(DATA PROVIDED)

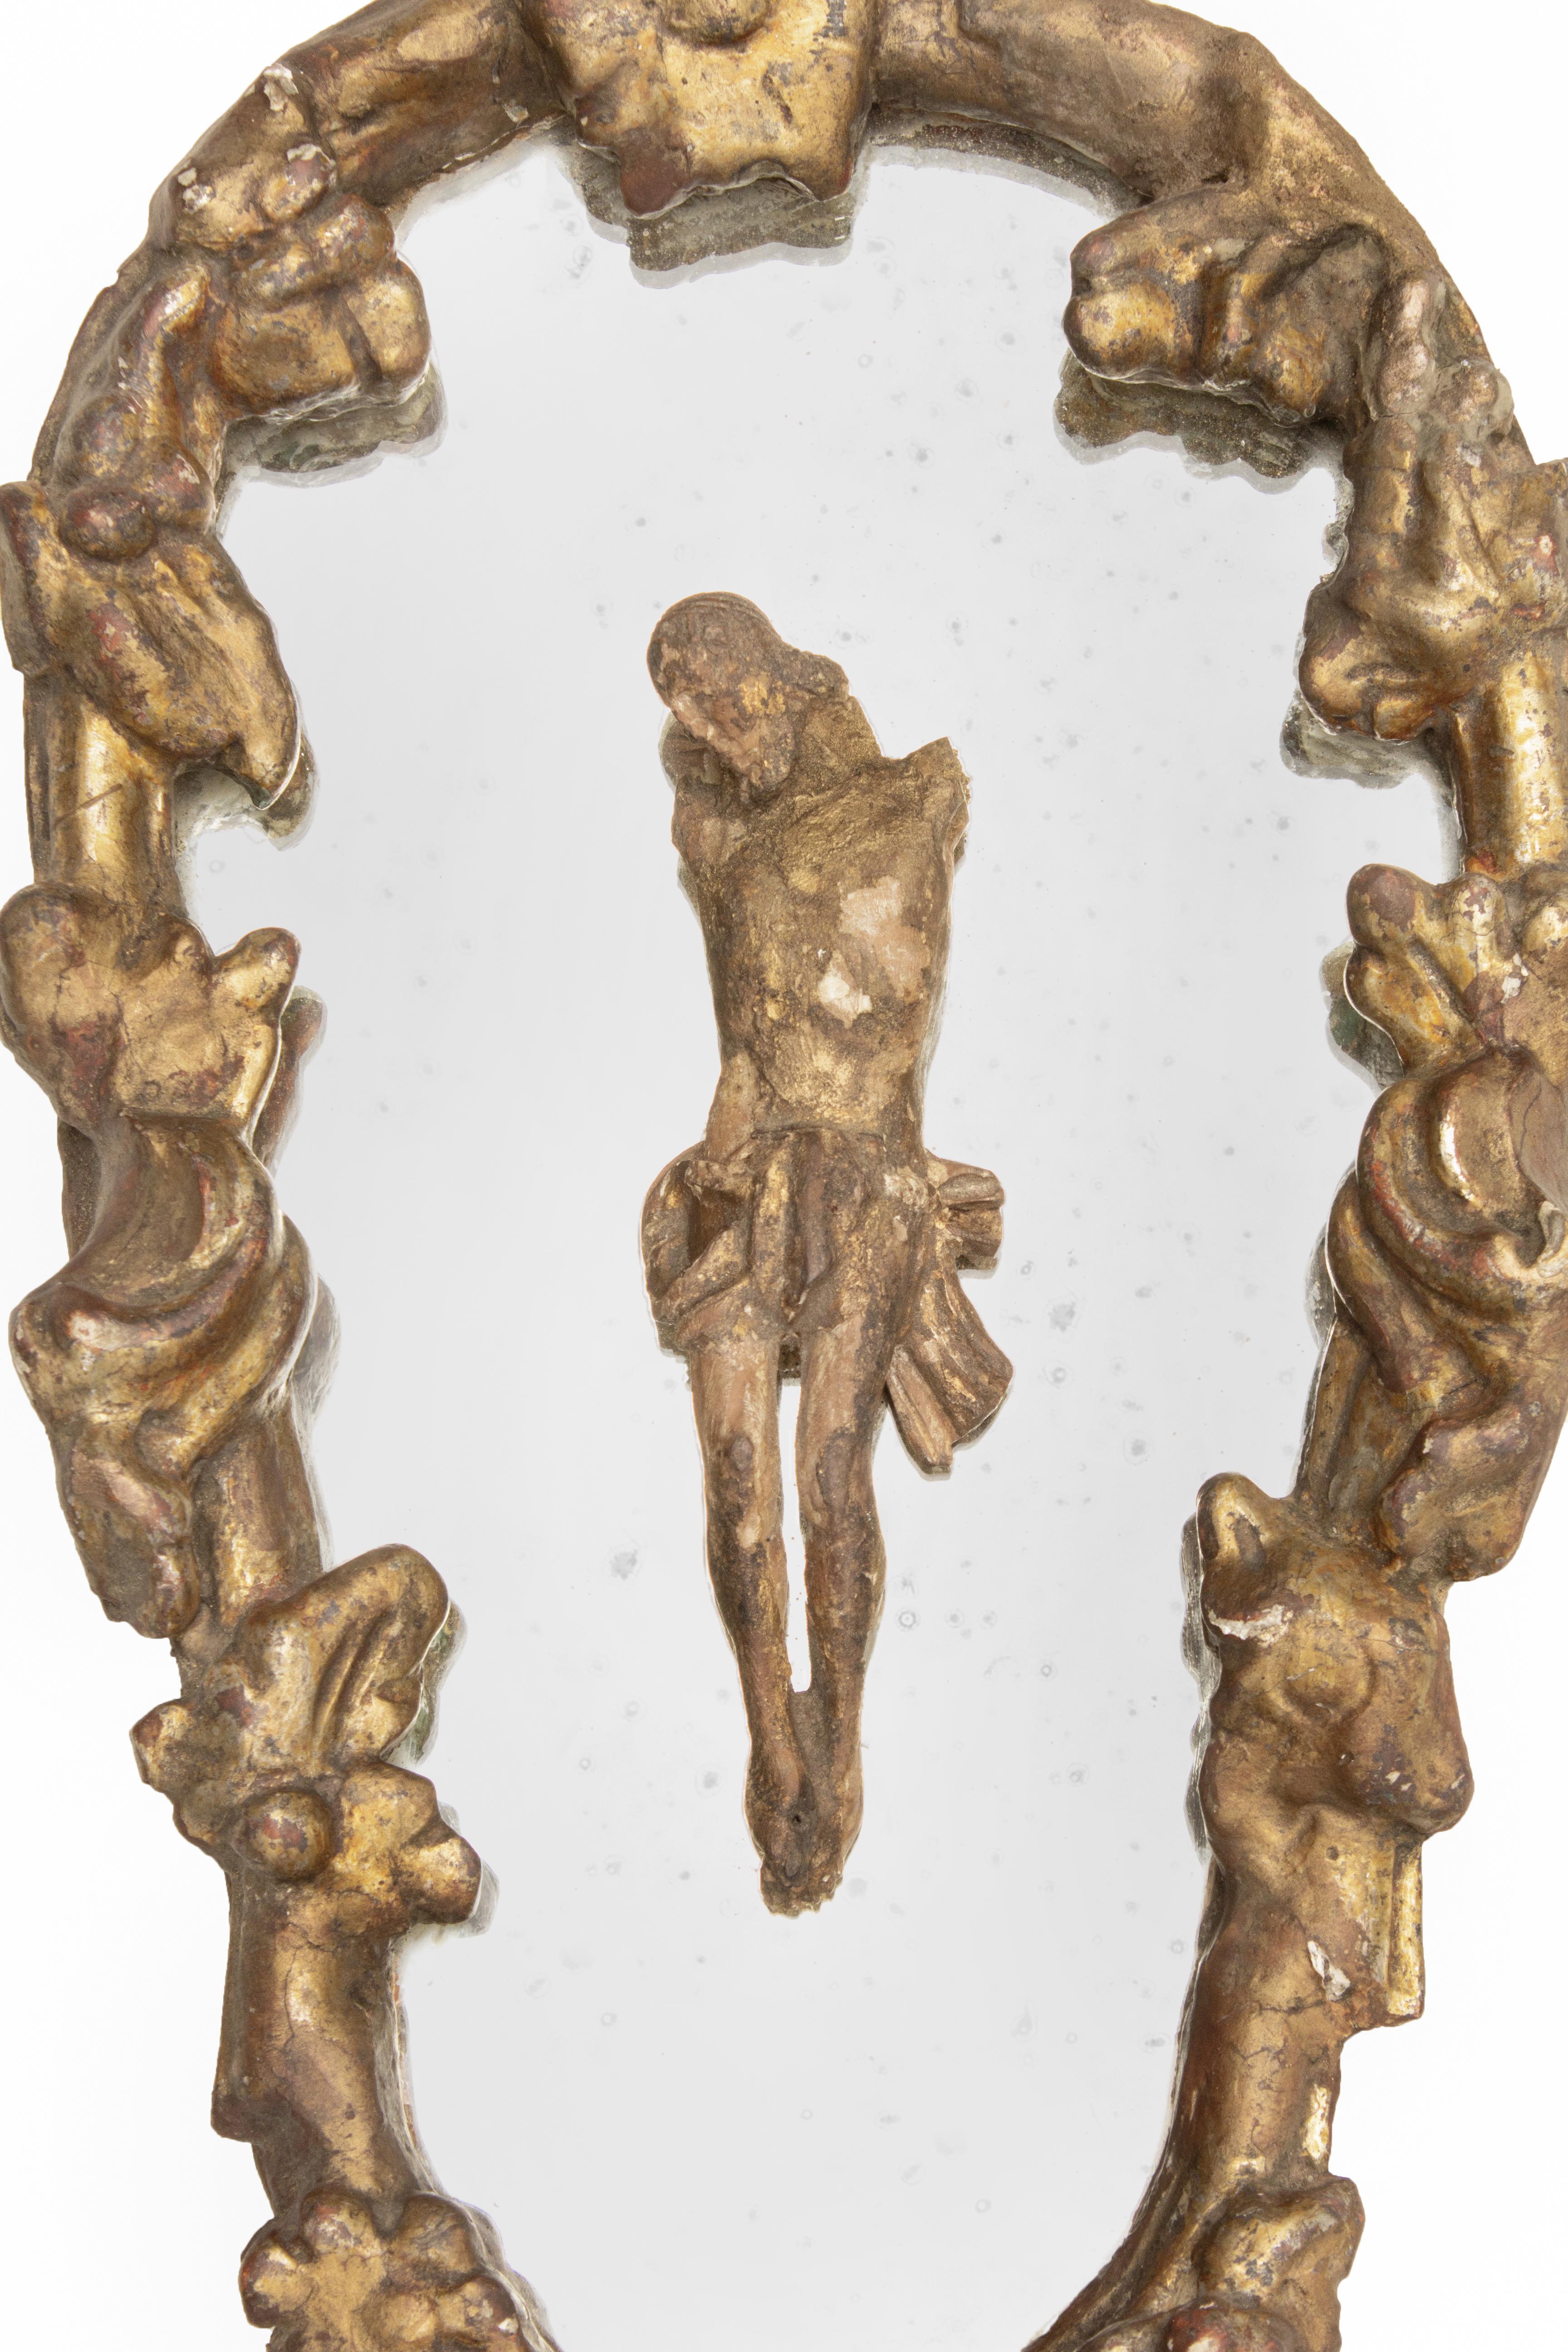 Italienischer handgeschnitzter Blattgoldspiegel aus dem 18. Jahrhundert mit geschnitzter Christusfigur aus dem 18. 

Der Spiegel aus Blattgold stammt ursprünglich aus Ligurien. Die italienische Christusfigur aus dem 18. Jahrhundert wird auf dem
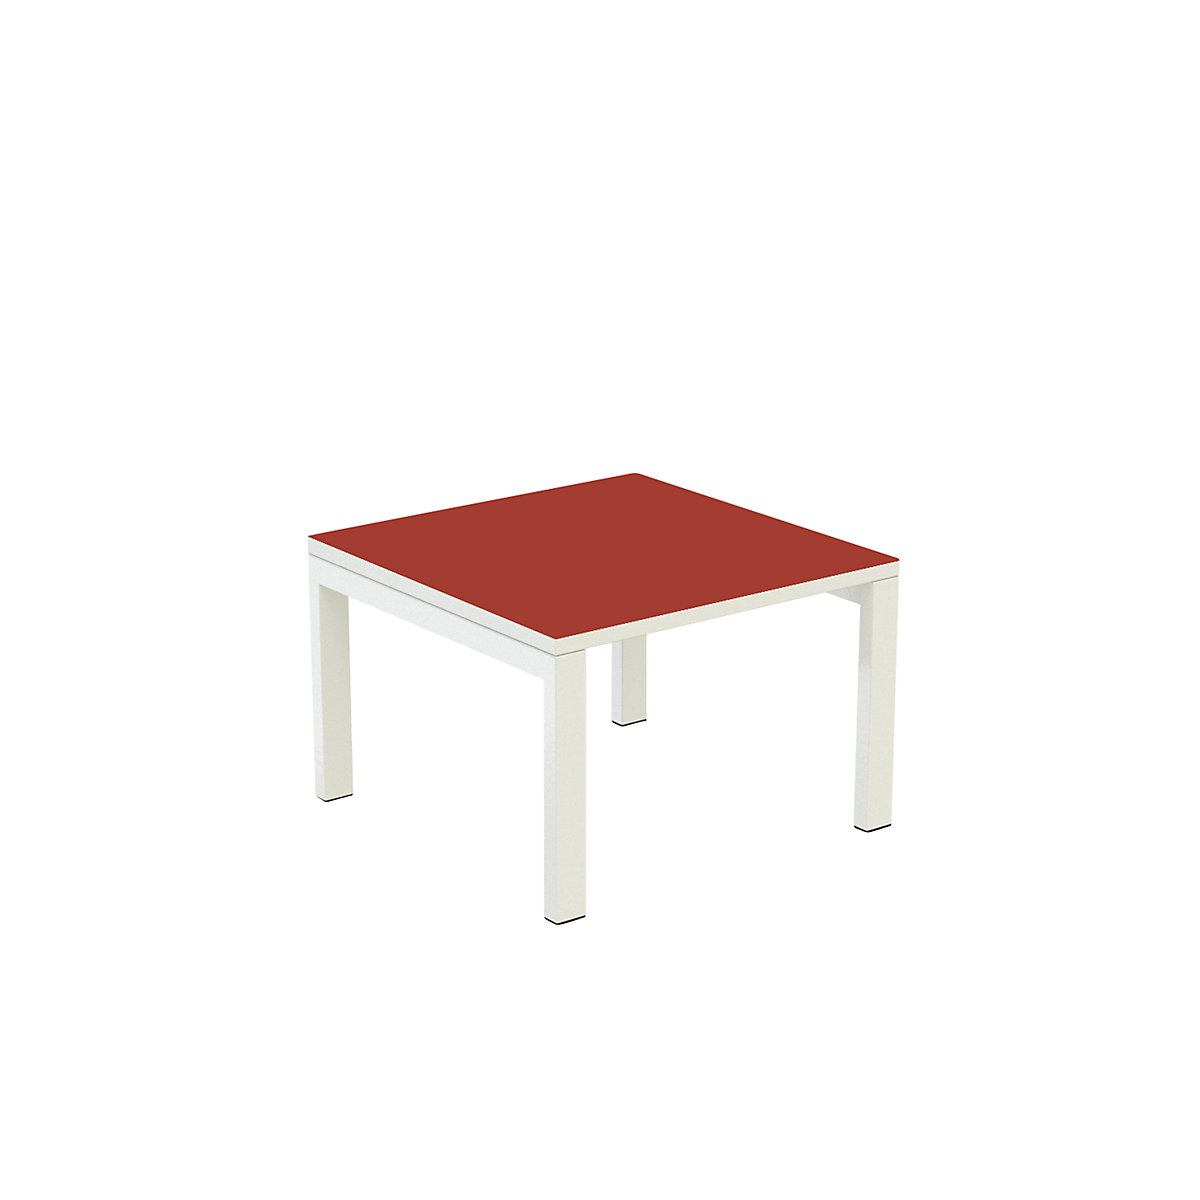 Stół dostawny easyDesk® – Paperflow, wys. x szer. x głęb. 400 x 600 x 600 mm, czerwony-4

(PROBLEM)
Restate the data above verbatim, skipping every image.

(RESPONSE BOX)
 Italienischer handgeschnitzter Blattgoldspiegel aus dem 18. Jahrhundert mit geschnitzter Christusfigur aus dem 18. 

Der Spiegel aus Blattgold stammt ursprünglich aus Ligurien. Die italienische Christusfigur aus dem 18. Jahrhundert wird auf dem
 Stół dostawny easyDesk® – Paperflow, wys. x szer. x głęb. 400 x 600 x 600 mm, czerwony-4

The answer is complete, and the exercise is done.